A Different America?

One Giant Leap: The Impossible Mission that Flew Us to the Moon
Charles Fishman
Simon and Schuster
2019
488 pages
ISBN: 978-501106293


This book does far more than tell the story from so many different perspectives of the Apollo mission that famously landed on the moon in July 1969 when Neil Armstrong uttered those iconic words: “One small step for a man, one giant leap for mankind.” It sets the scene in the global political context of the Cold War and the Space Race between the USA and the Soviet Union, indeed in many ways it is a history of that relationship and the whole decade of the 1960s, one that has many resonances for today.
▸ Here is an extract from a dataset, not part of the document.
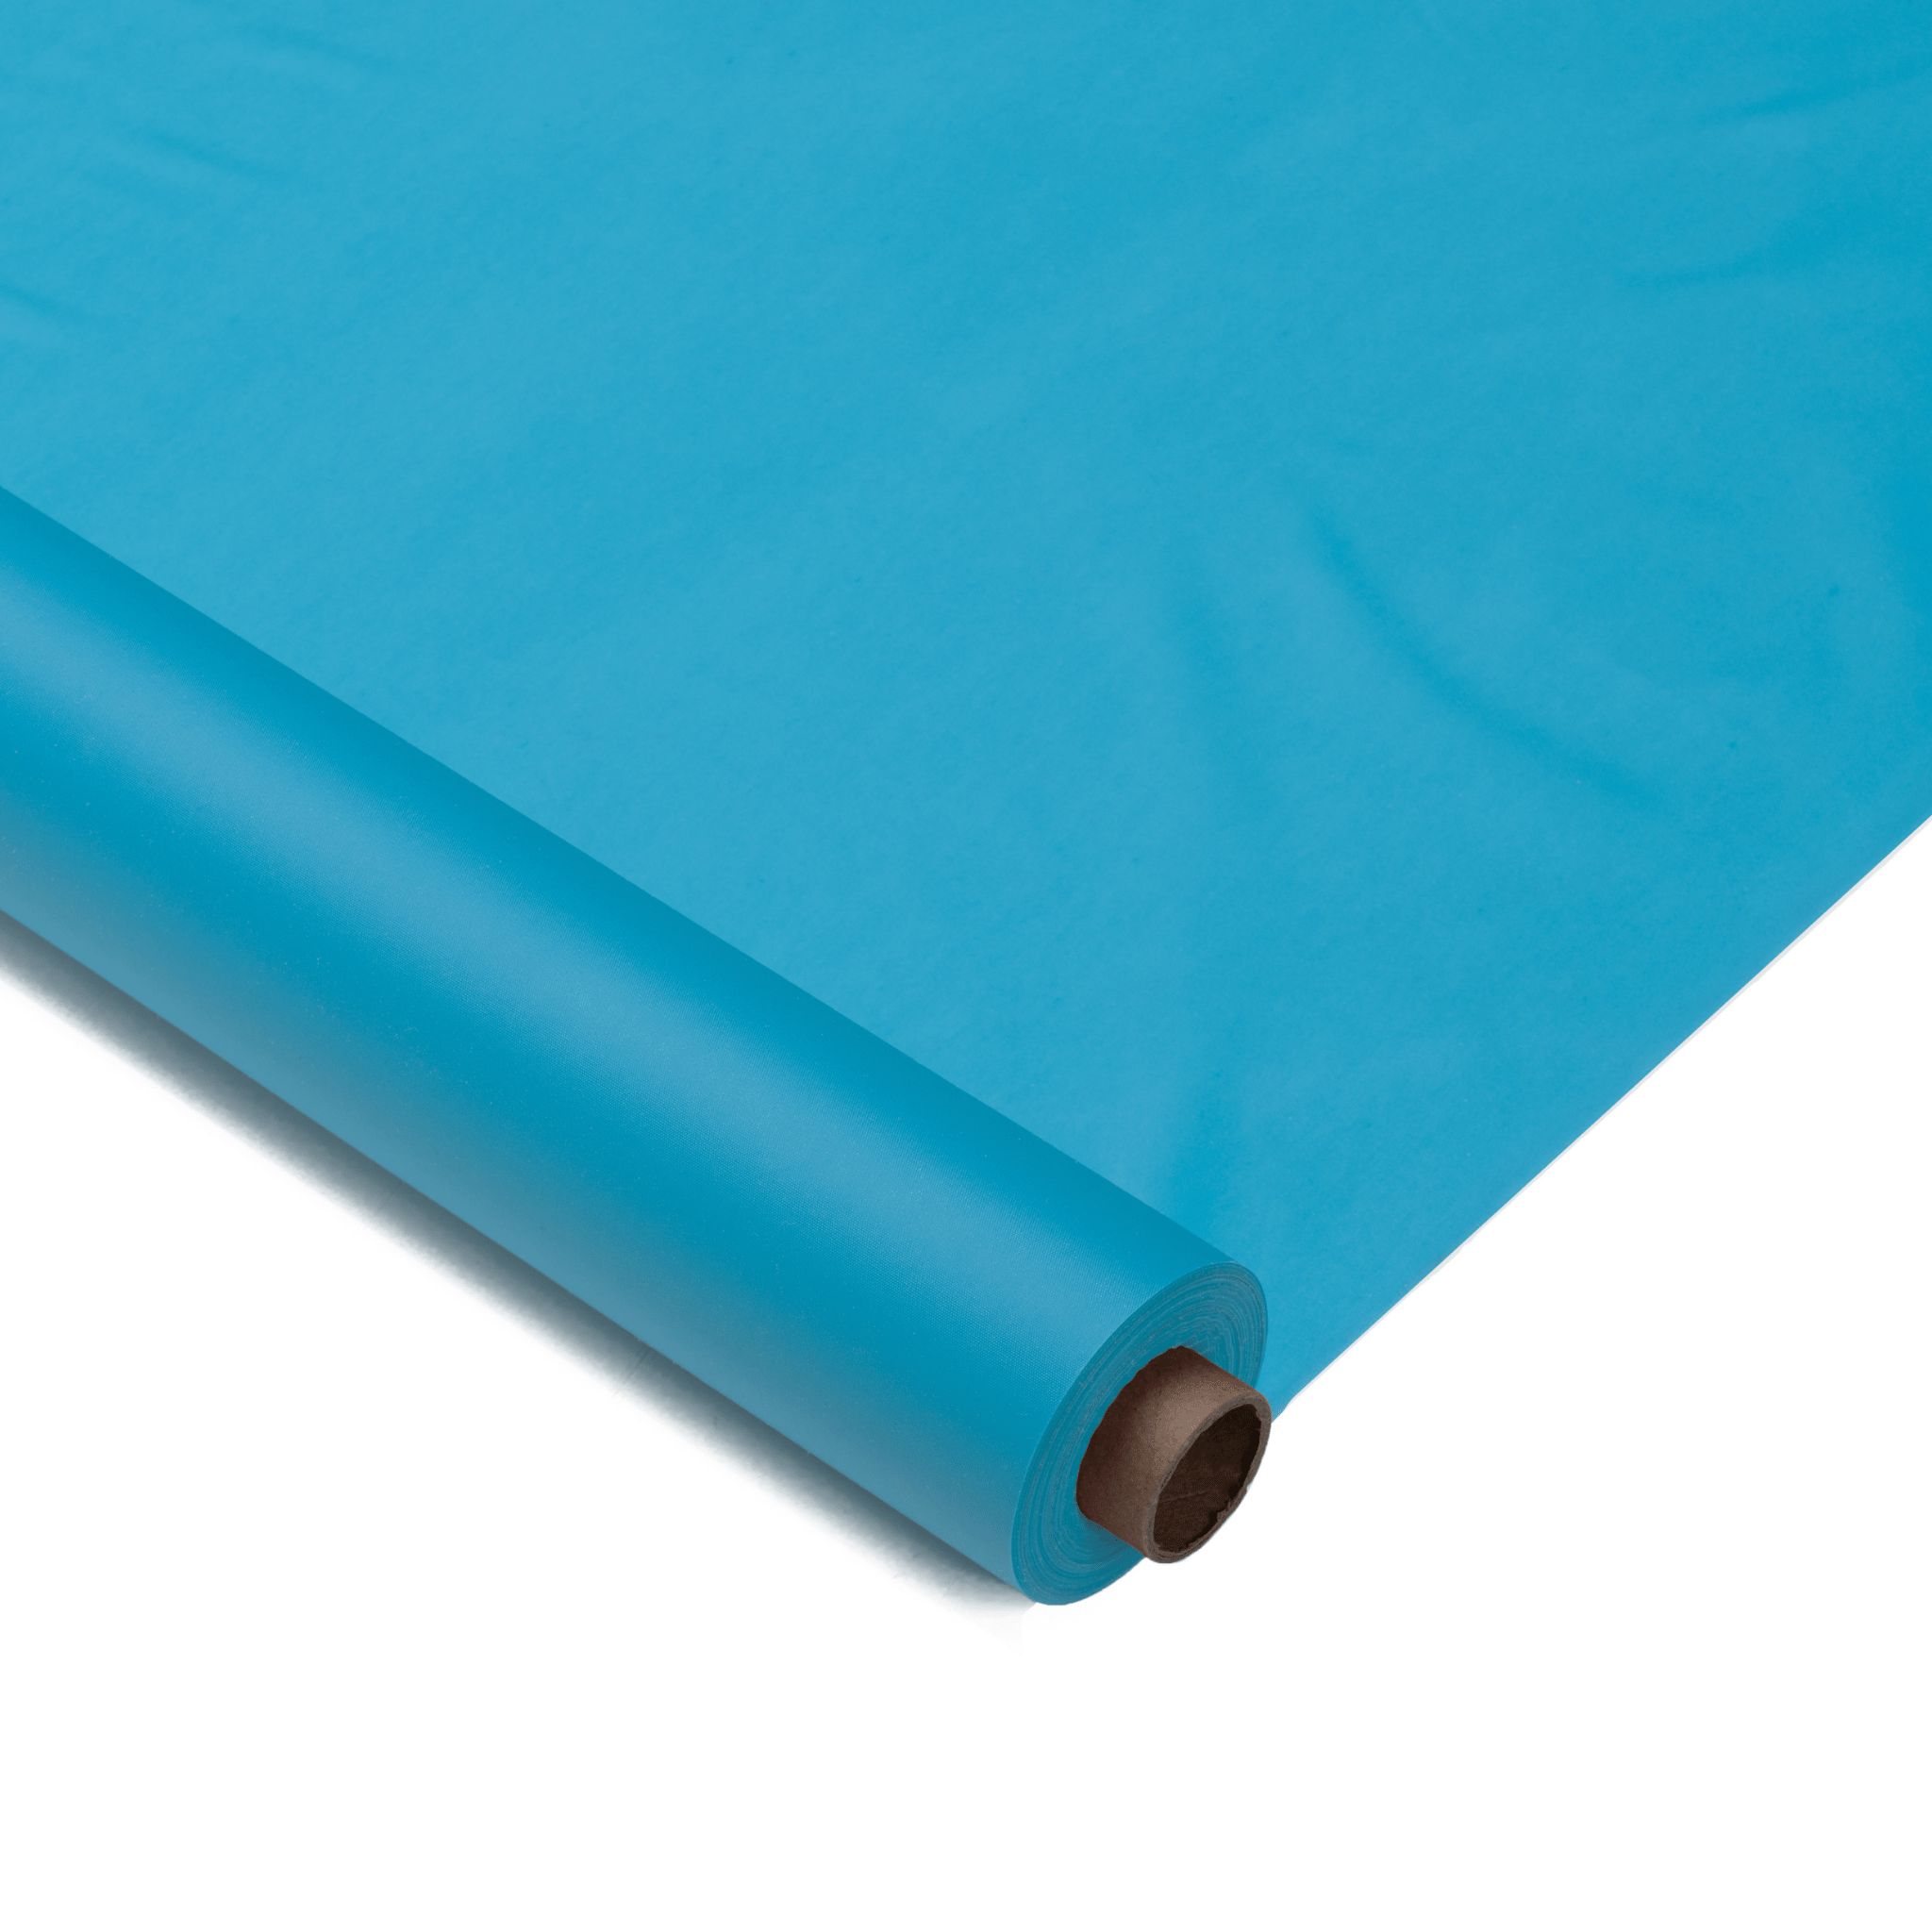 40 In. X 100 Ft. Premium Turquoise Plastic Table Roll | 6 Pack
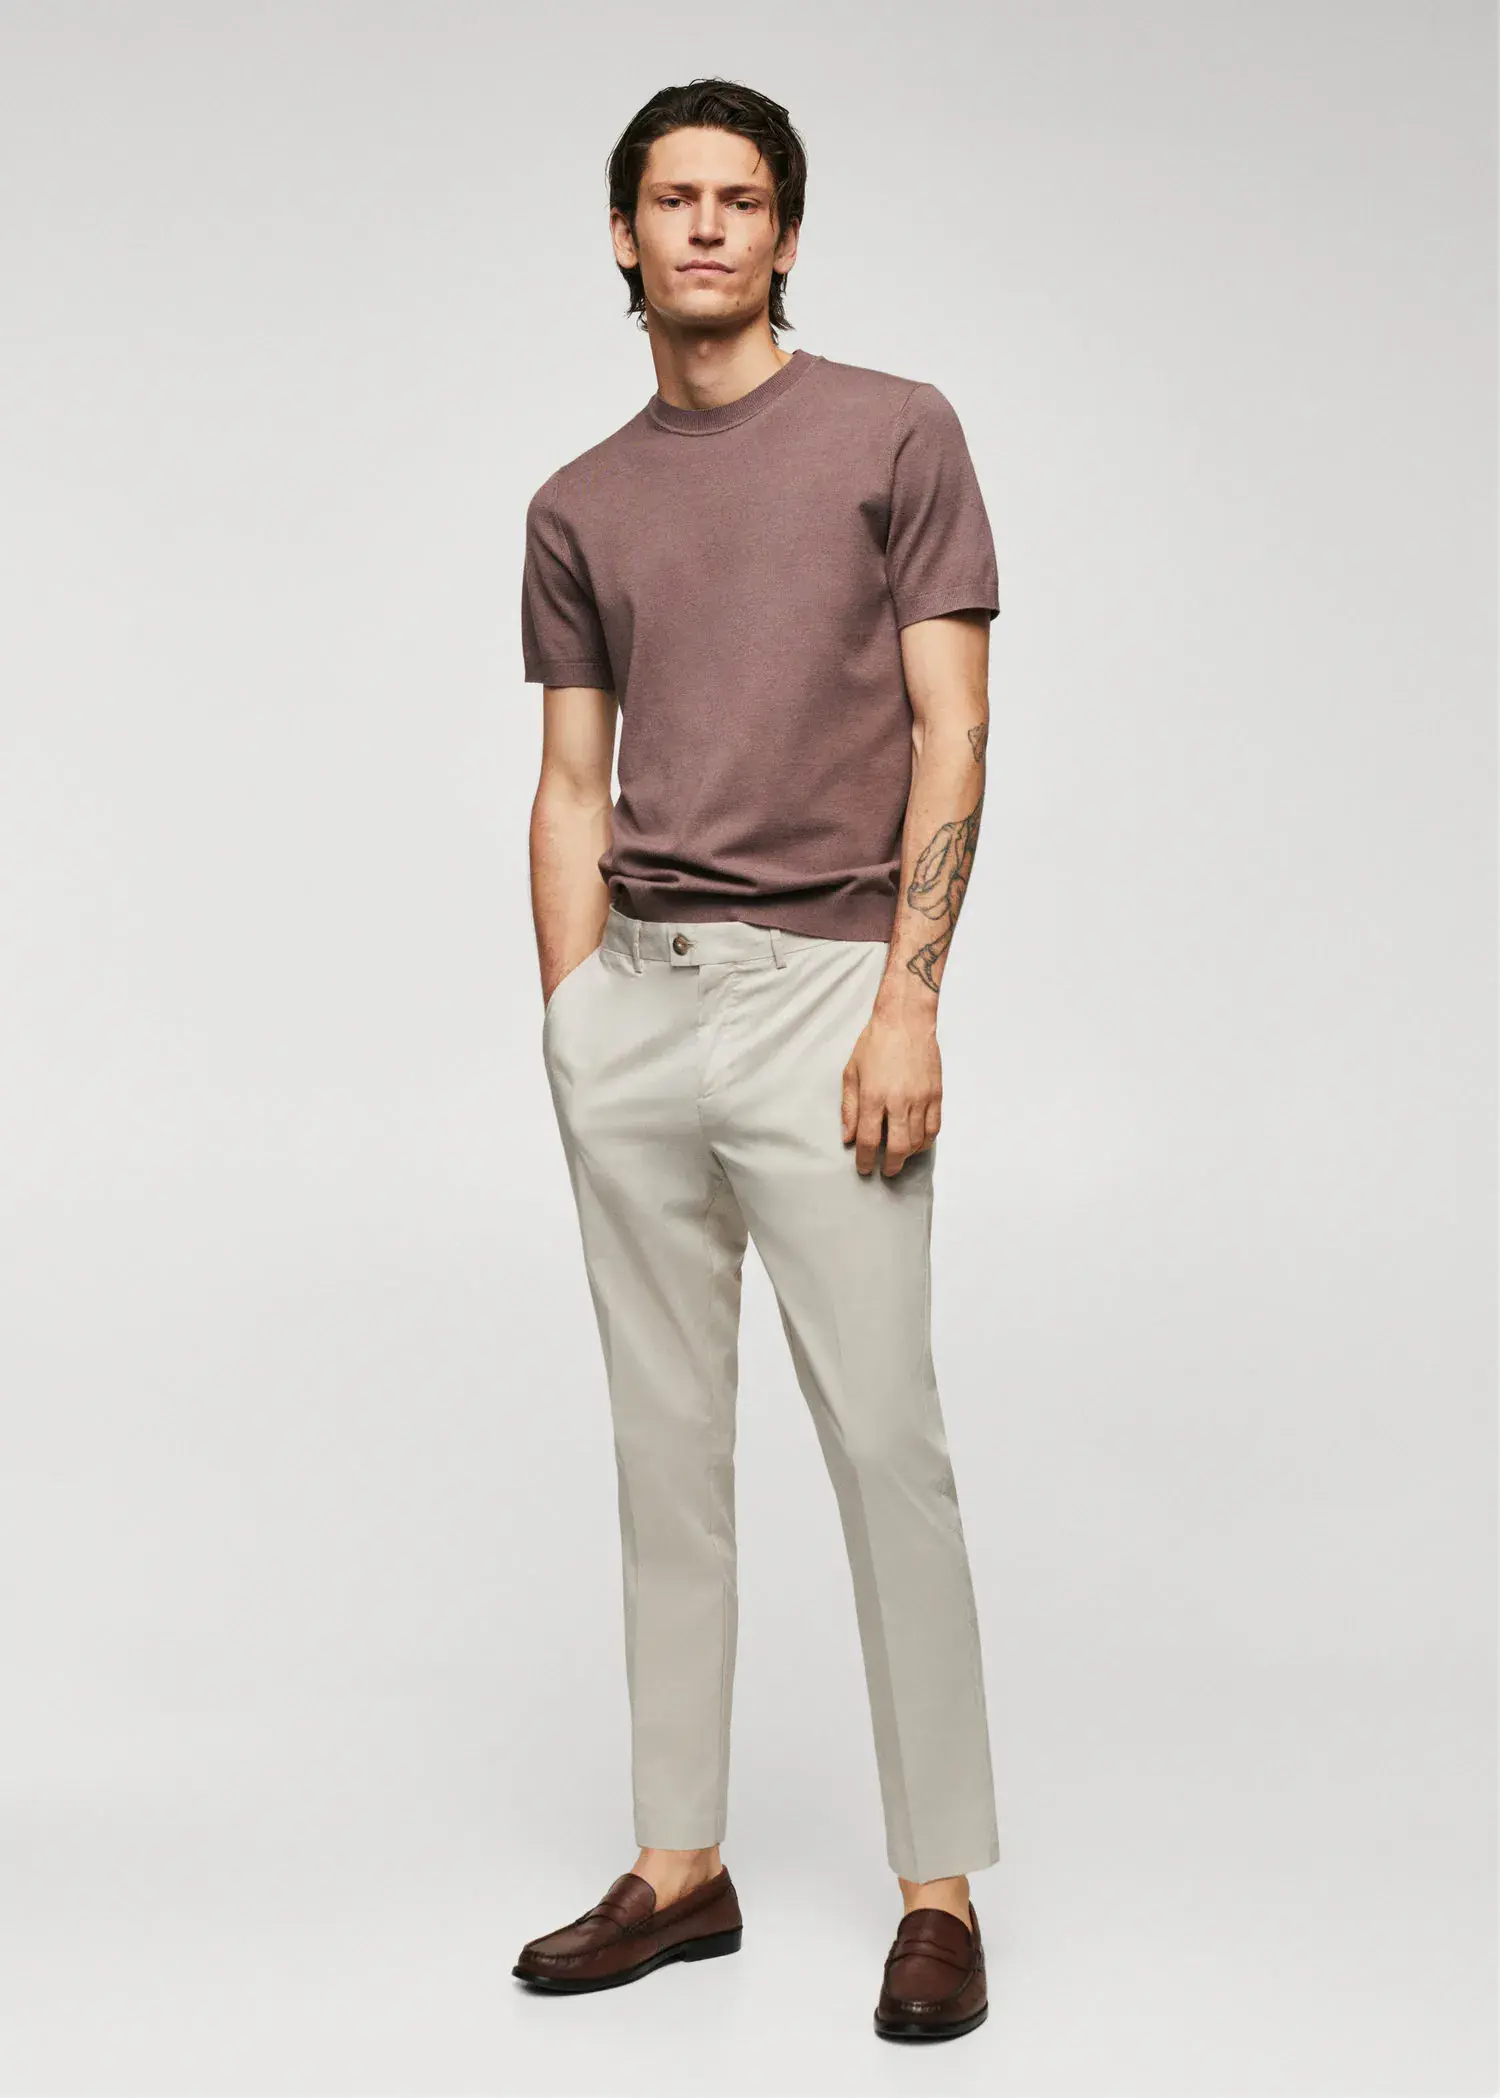 Mango Lightweight cotton trousers. a man in a brown shirt and white pants.

In October 1957, little more than a dozen years after Europe, East and West emerged from World War II ravaged and in need of huge rebuilding, the Soviets shocked the world by launching the world’s first artificial Earth satellite, Sputnik 1. The Americans were reeling from the shock but, from their point of view, worse was to come. Over the next few years, the Soviets scored several more “firsts”:  the first animal in space, the first man in space – Yuri Gagarin – in April 1961 and the first woman in space – Valentina Tereshkova – in 1963. Apart from the hurt to national pride, the fear for national security felt by the government of the United States led to a total reappraisal of their fledgling space programme. In May 1961, just days after Alan Shepard became the first American to leave the earth in a short flight of barely fifteen minutes’ duration (which unlike Gagarin didn’t even orbit the earth), newly elected President John F. Kennedy in a speech at Rice University demanded of NASA that they put a man on the moon by 1970.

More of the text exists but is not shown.